Toen Enjolras het bevel gaf, stond hij op.
Men herinnere zich dat, bij de komst van den volkshoop in de straat Chanvrerie, een oude vrouw een matras voor haar venster had gehangen, om zich tegen de kogels te beveiligen. ’t Was een dakvenster van een huis met zes verdiepingen, dat even buiten de barricade stond. De matras rustte onder op twee droogstokken en hing boven aan twee touwen, die aan spijkers in ’t kozijn waren gebonden. Men zag deze twee touwen duidelijk, maar fijn als een draad.

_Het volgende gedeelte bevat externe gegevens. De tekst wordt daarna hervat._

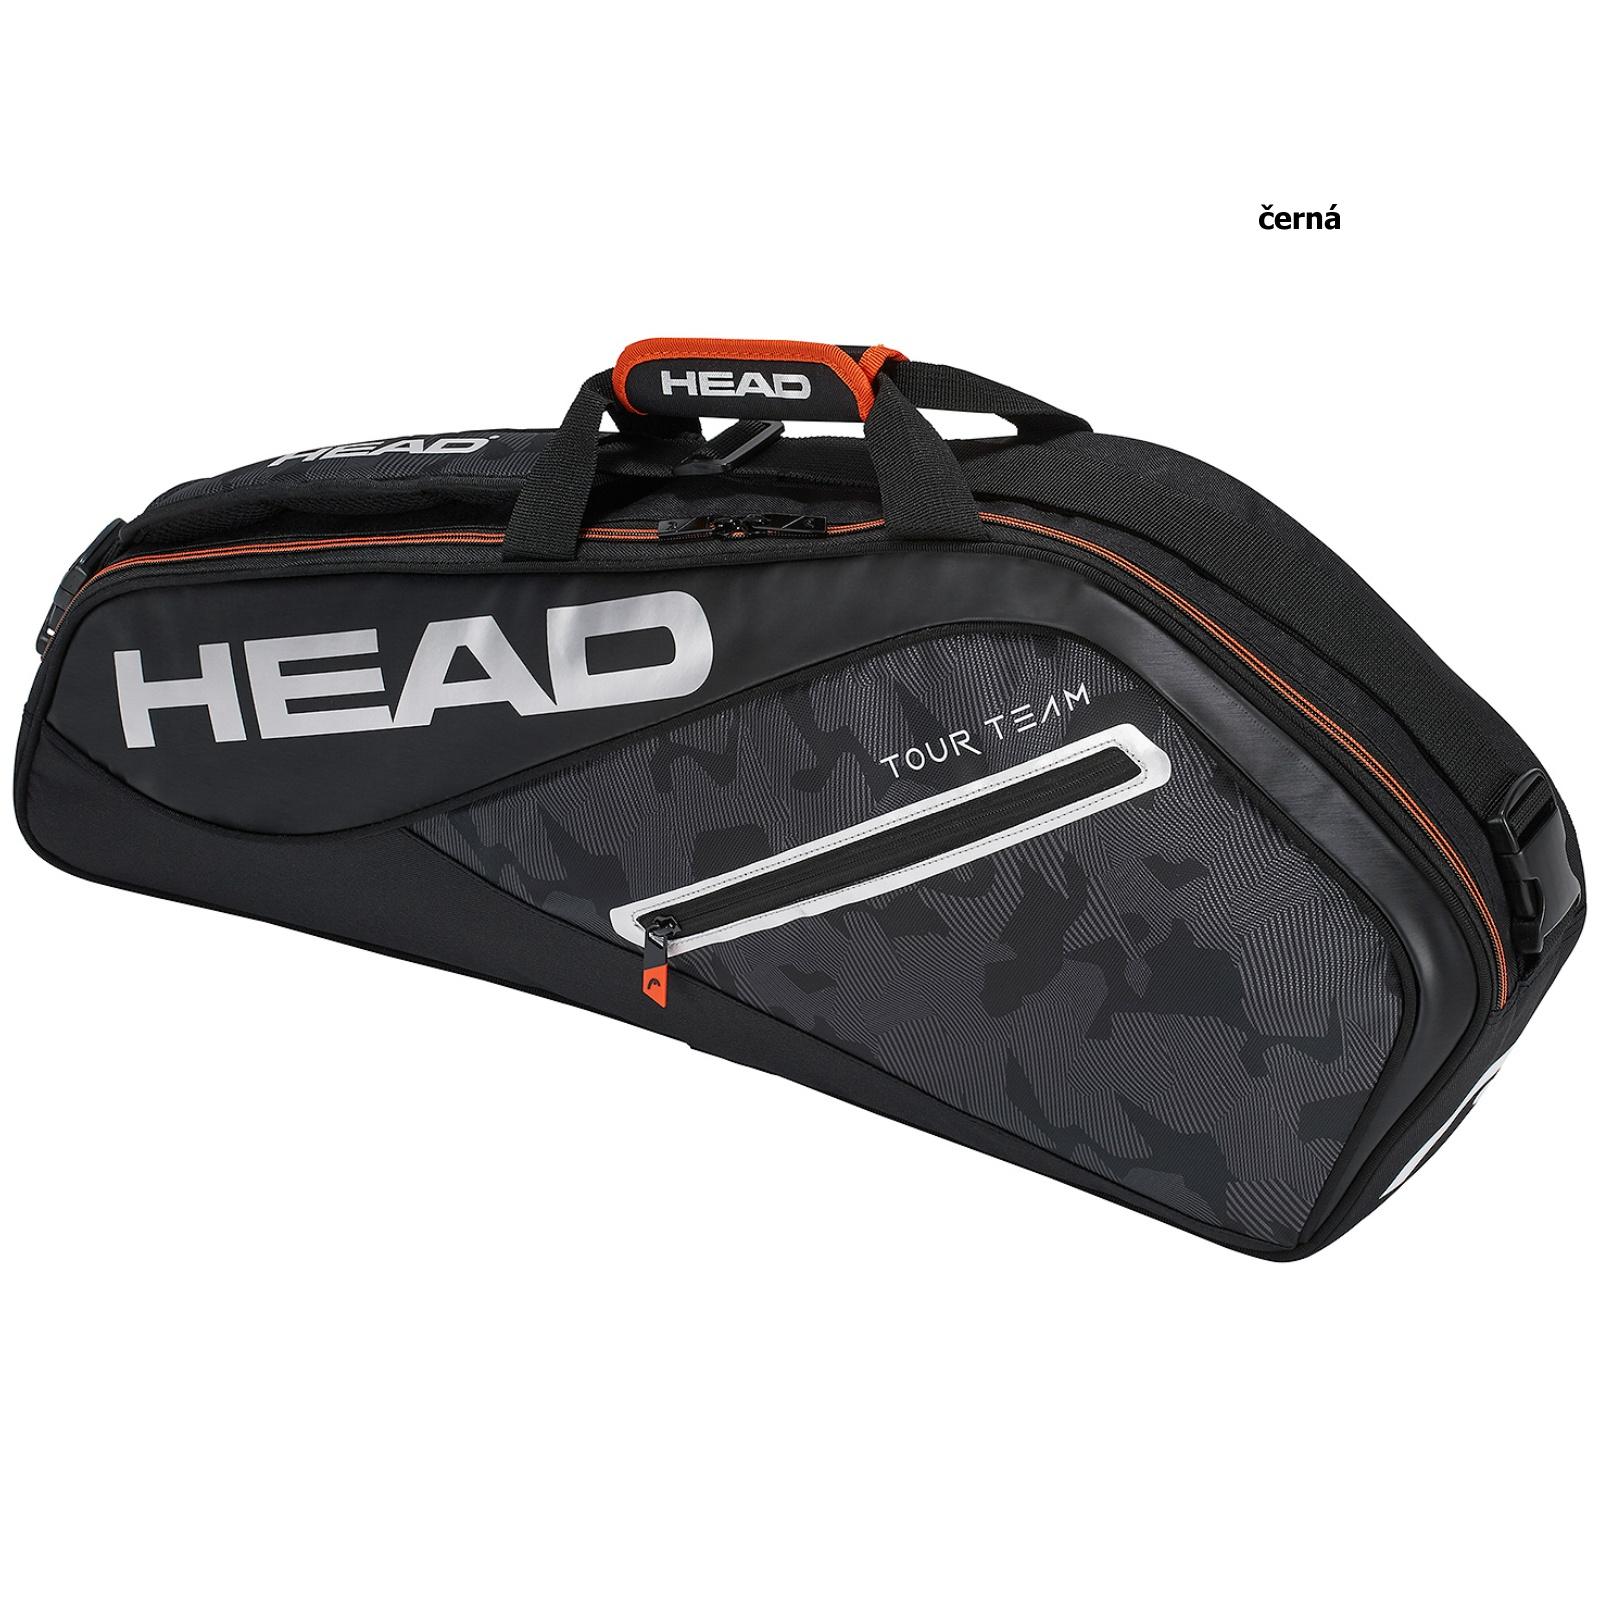 c2b50e8106 Tenisová taška HEAD Tour 3R Pro - čierna

„Kan iemand mij een karabijn met dubbelen loop leenen?” zei Jean Valjean.
Enjolras, die de zijne weder geladen had, reikte ze hem.
Jean Valjean legde aan op het dakvenster en schoot.
Een der twee touwen van de matras was stuk geschoten. De matras hing nu nog slechts aan één touw.
Jean Valjean loste het tweede schot. Het tweede touw sloeg tegen de glasruiten van het dakvenster; de matras gleed tusschen de twee droogstokken en viel op de straat.
De barricade juichte.
Alle stemmen riepen:
„Wij hebben de matras!”
„Ja,” zei Combeferre, „maar wie zal ze halen?”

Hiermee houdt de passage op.